Copan and Brakel enlarge

Brookhaven Lab's Walter Copan and Christine Brakel review the Lab's technologies that are available for licensing.

UPTON, NY — Today the U.S. Department of Energy’s (DOE) Brookhaven National Laboratory will join a DOE program designed to reduce the upfront costs and paperwork requirements for start-up companies to obtain an option to license available patented technologies from the Laboratory’s patent portfolio. Part of the Obama Administration’s Startup America Initiative, the DOE program, called the “Next Top Energy Innovator” challenge, aims to double the number of startup companies coming out of national laboratories.

Under this pilot program, which will remain in effect until December 15, 2011, Brookhaven Lab will reduce the upfront cost of options to license available patents to U.S. start-up companies to $1,000 — a fraction of the usual cost. The agreement will give the company a six-month option to obtain an exclusive license to the technology for a specified field of use. To obtain such an option, the company must submit a business plan that clearly shows how it intends to develop and market the technology. The plan may include research collaborations with Brookhaven scientists to advance the technology. At the conclusion of the option period, which may be extended for an additional six months, the company can negotiate a commercial license agreement, including appropriate terms such as equity and royalties.

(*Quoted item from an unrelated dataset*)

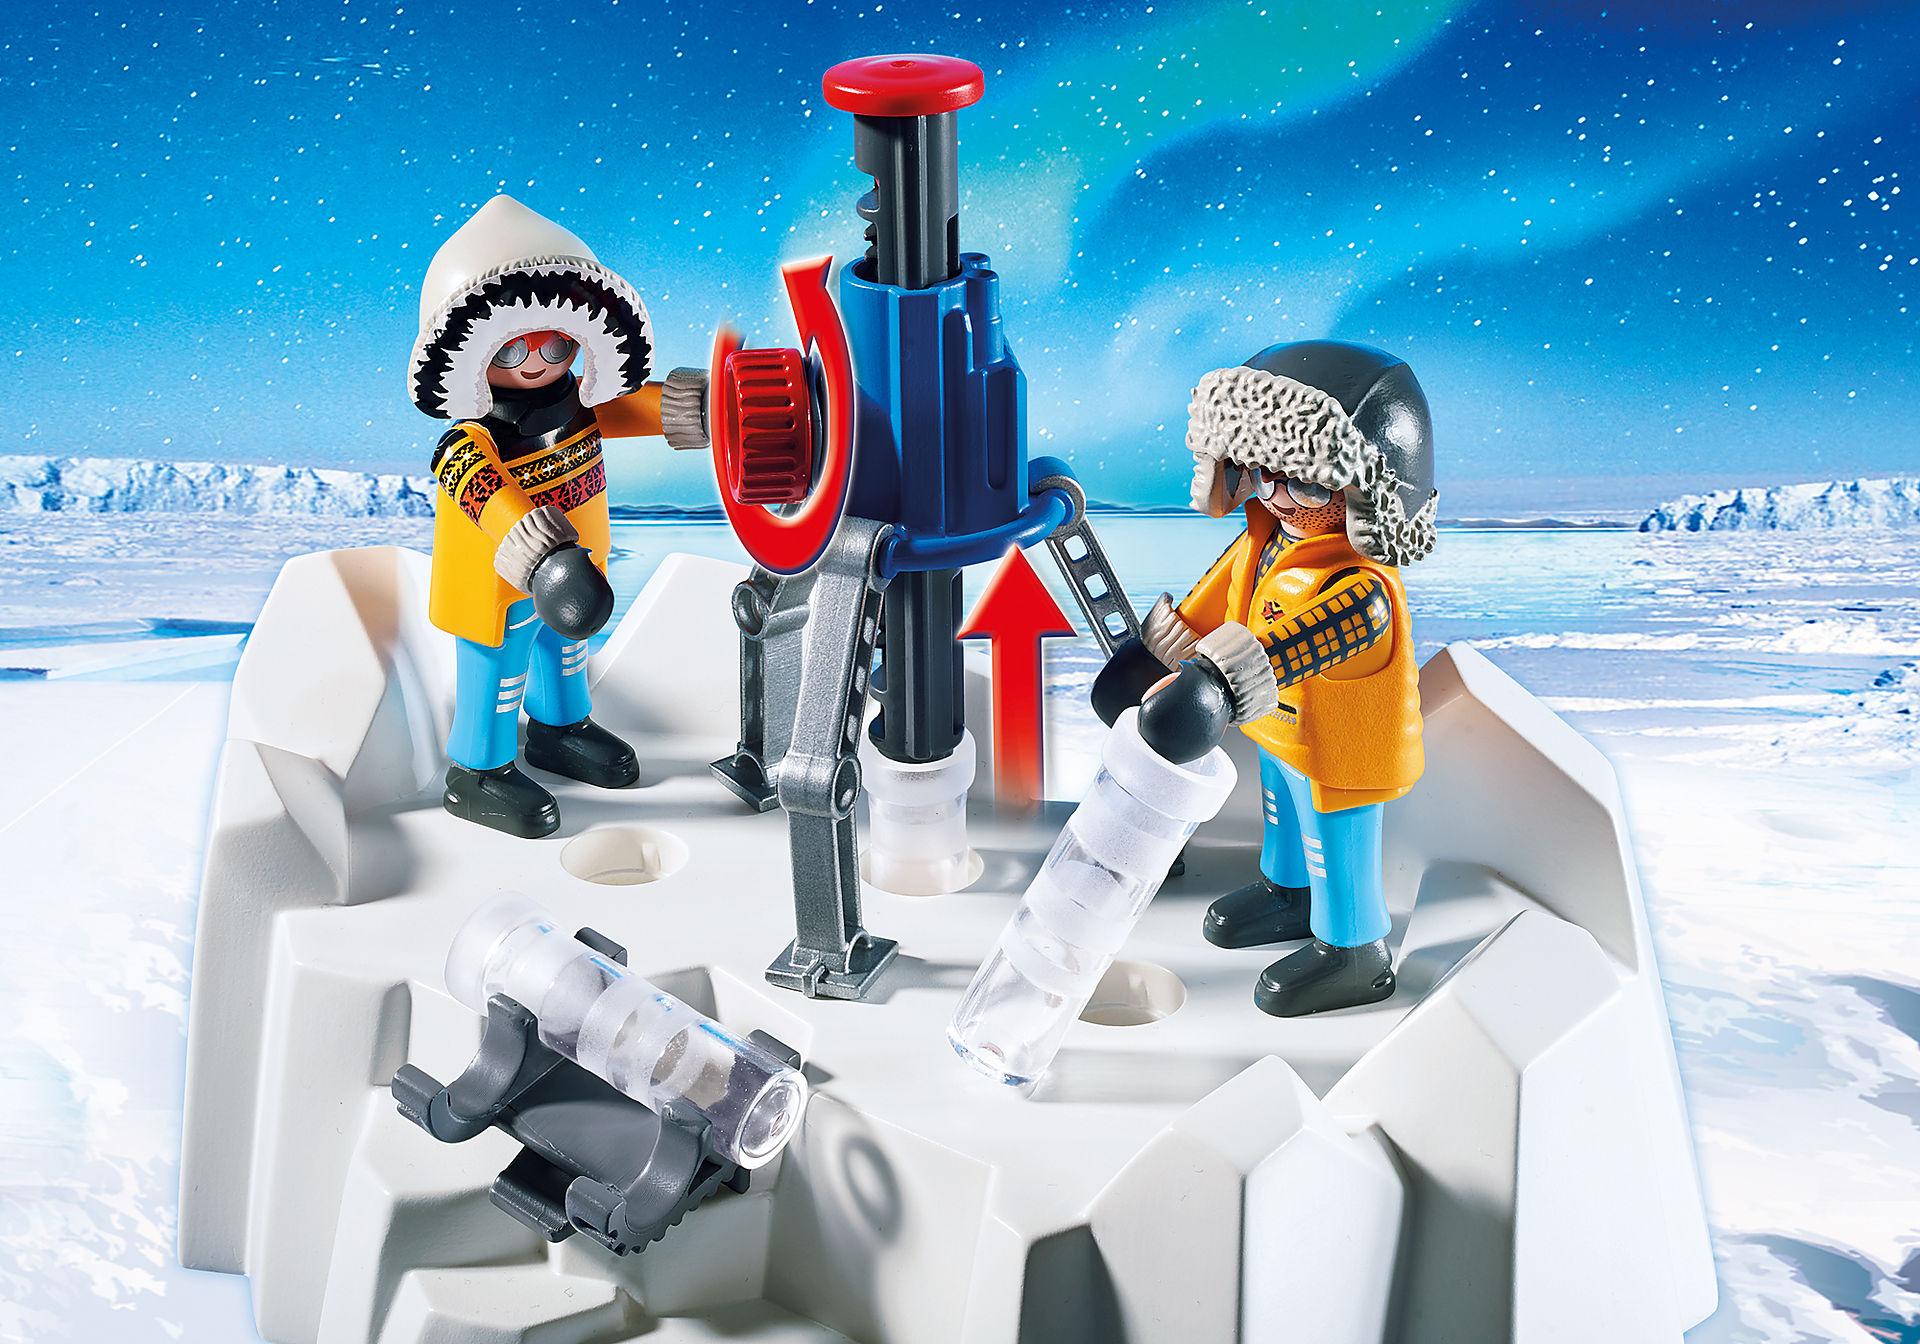 http://media.playmobil.com/i/playmobil/9056_product_extra1/Polar Ranger mit Eisbären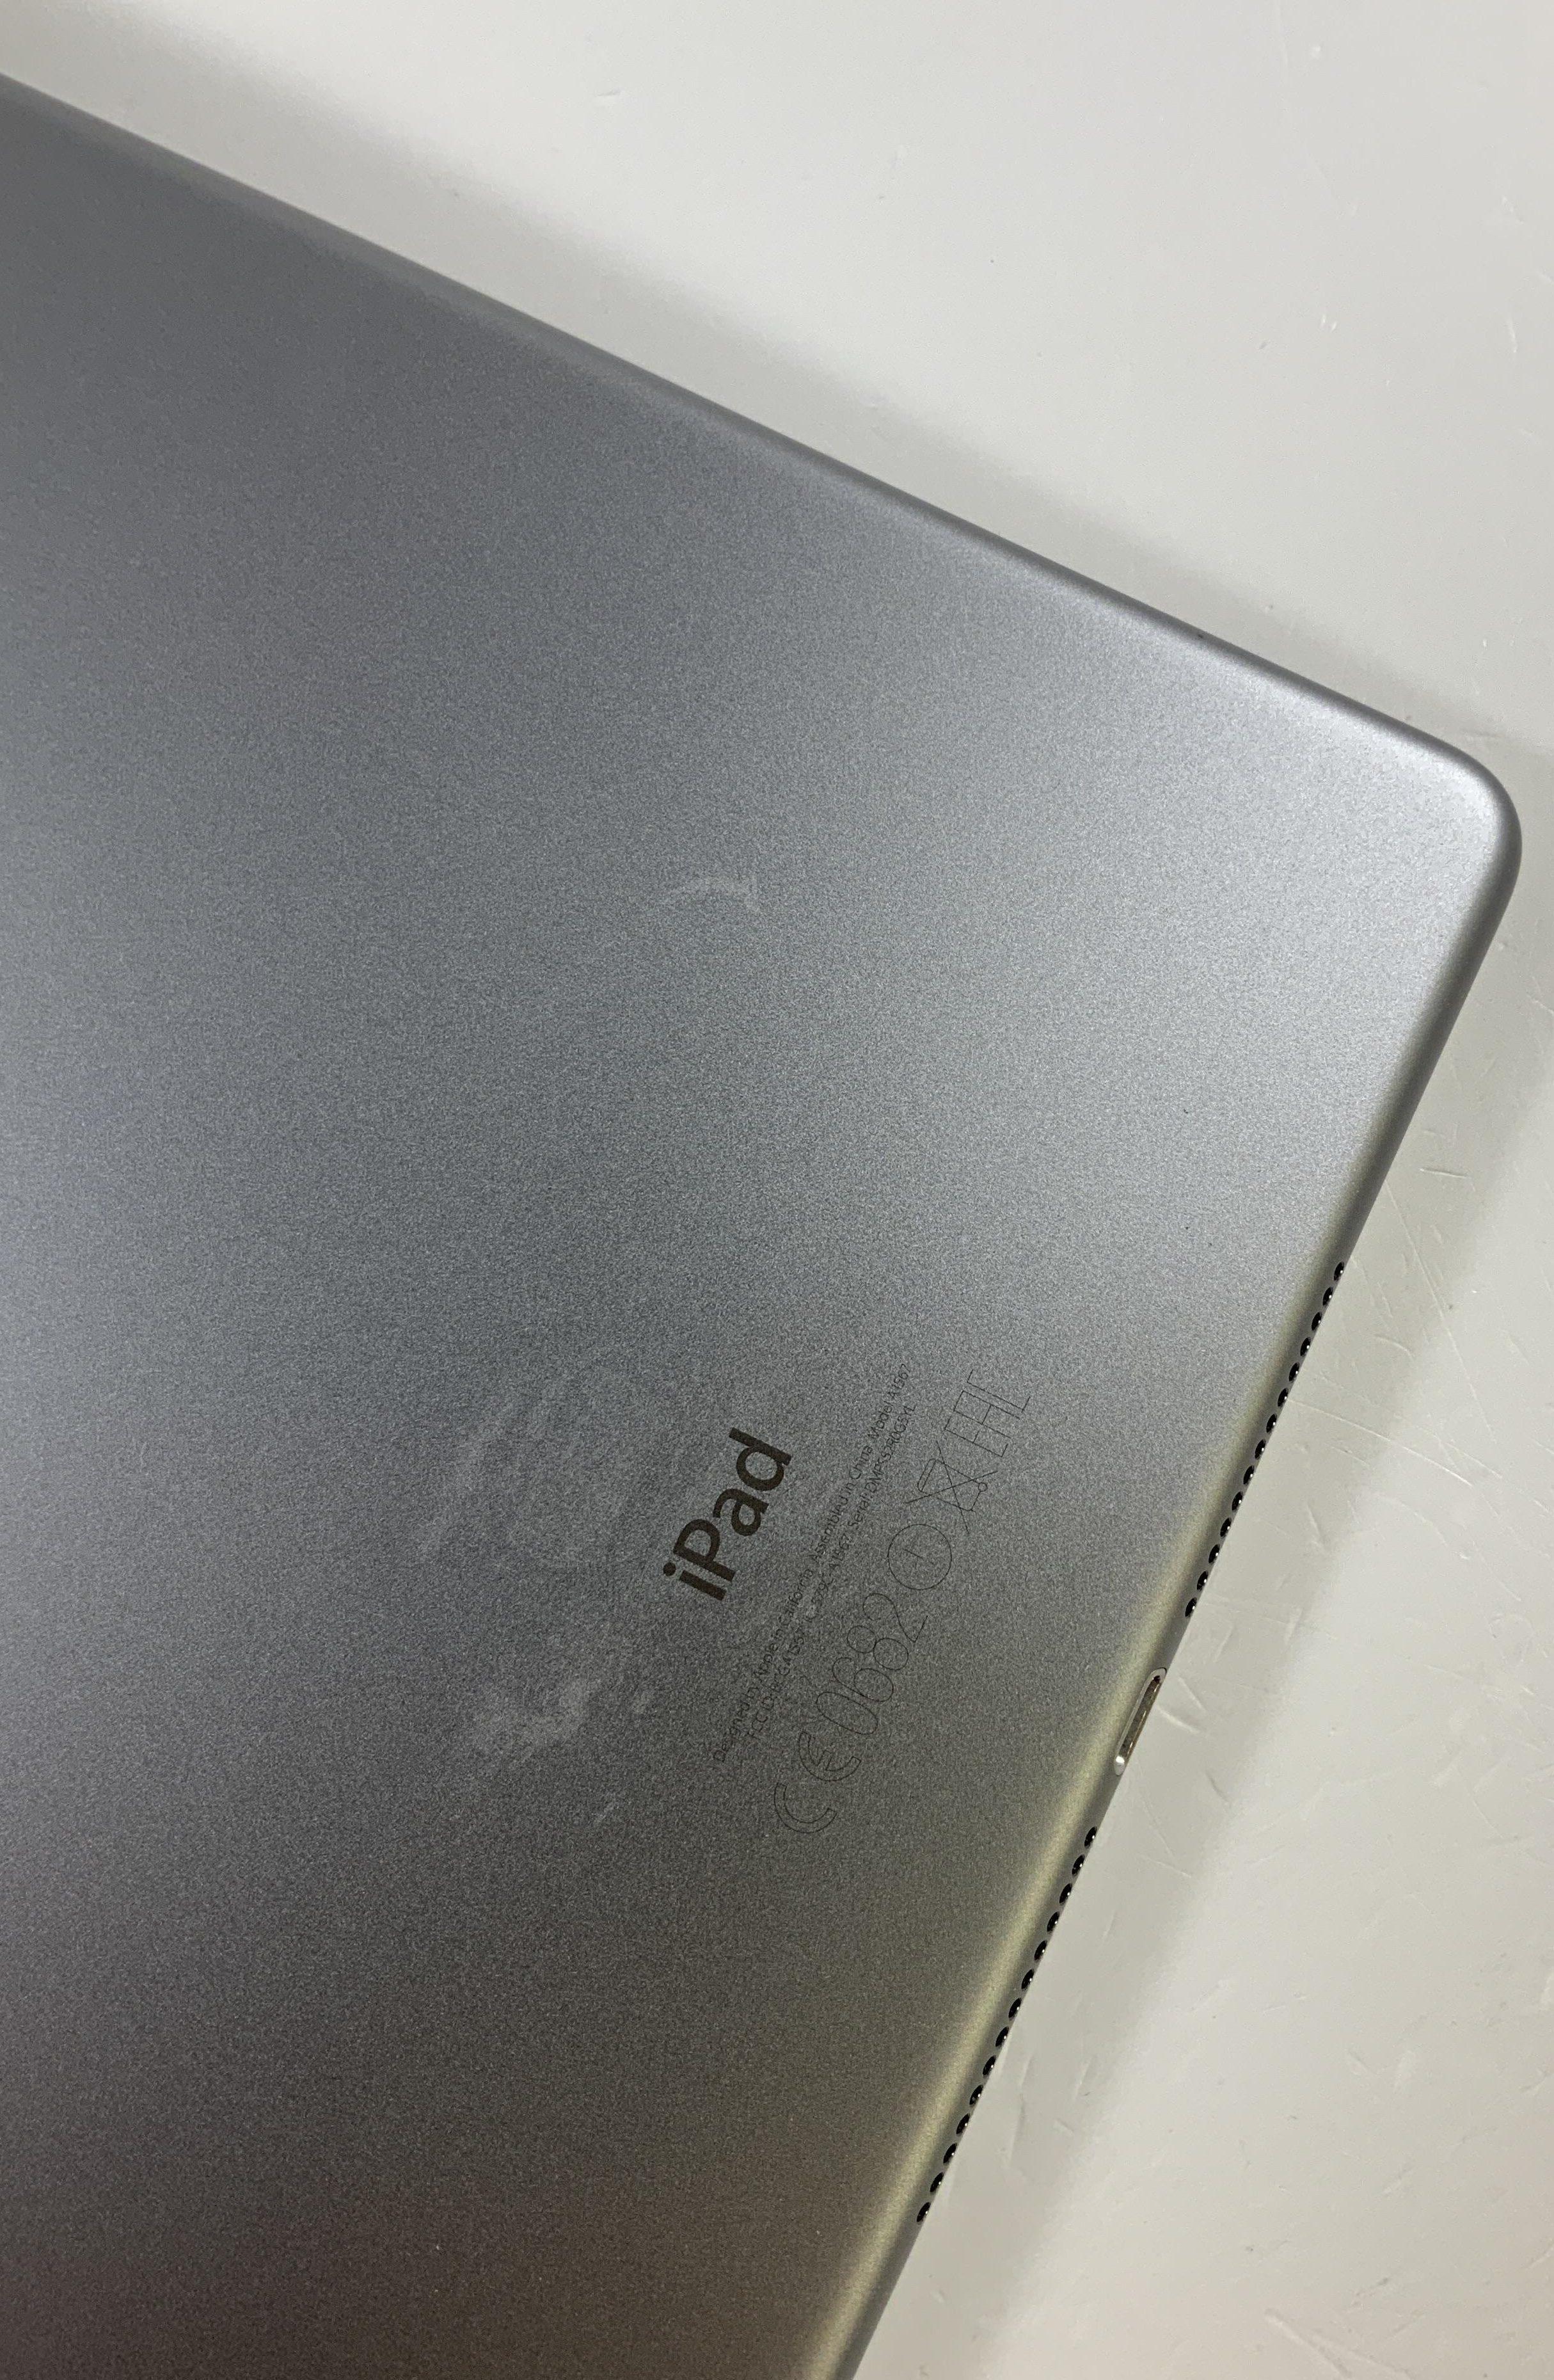 iPad Air 2 Wi-Fi + Cellular 64GB, 64GB, Space Gray, immagine 3

“We expect that this new program will expand an awareness of the rich portfolio of business opportunities available at DOE labs, including Brookhaven,” said Walter Copan, manager of Brookhaven Lab’s Office of Technology Commercialization and Partnerships. “We believe the program will increase the number of successful companies and create new jobs that our nation needs — particularly clean energy jobs.”

Brookhaven Lab created a streamlined start-up option agreement template for entrepreneurs. Potential participants will have until December 15, 2011 to submit their option request and business plans to the Laboratory’s Office of Technology Commercialization and Partnerships. Entrepreneurs who complete the requirements for licensing energy technologies and show progress toward executing their business plan and commercializing the technology will have the opportunity to be showcased at the 2012 ARPA-E Energy Information Summit, which brings together leading technology startups and clean energy investors from around the nation.

For Brookhaven Lab technologies that are available for licensing under the new program, go to: http://www.bnl.gov/tcp/IntellectualProperty/Startup%20America.asp.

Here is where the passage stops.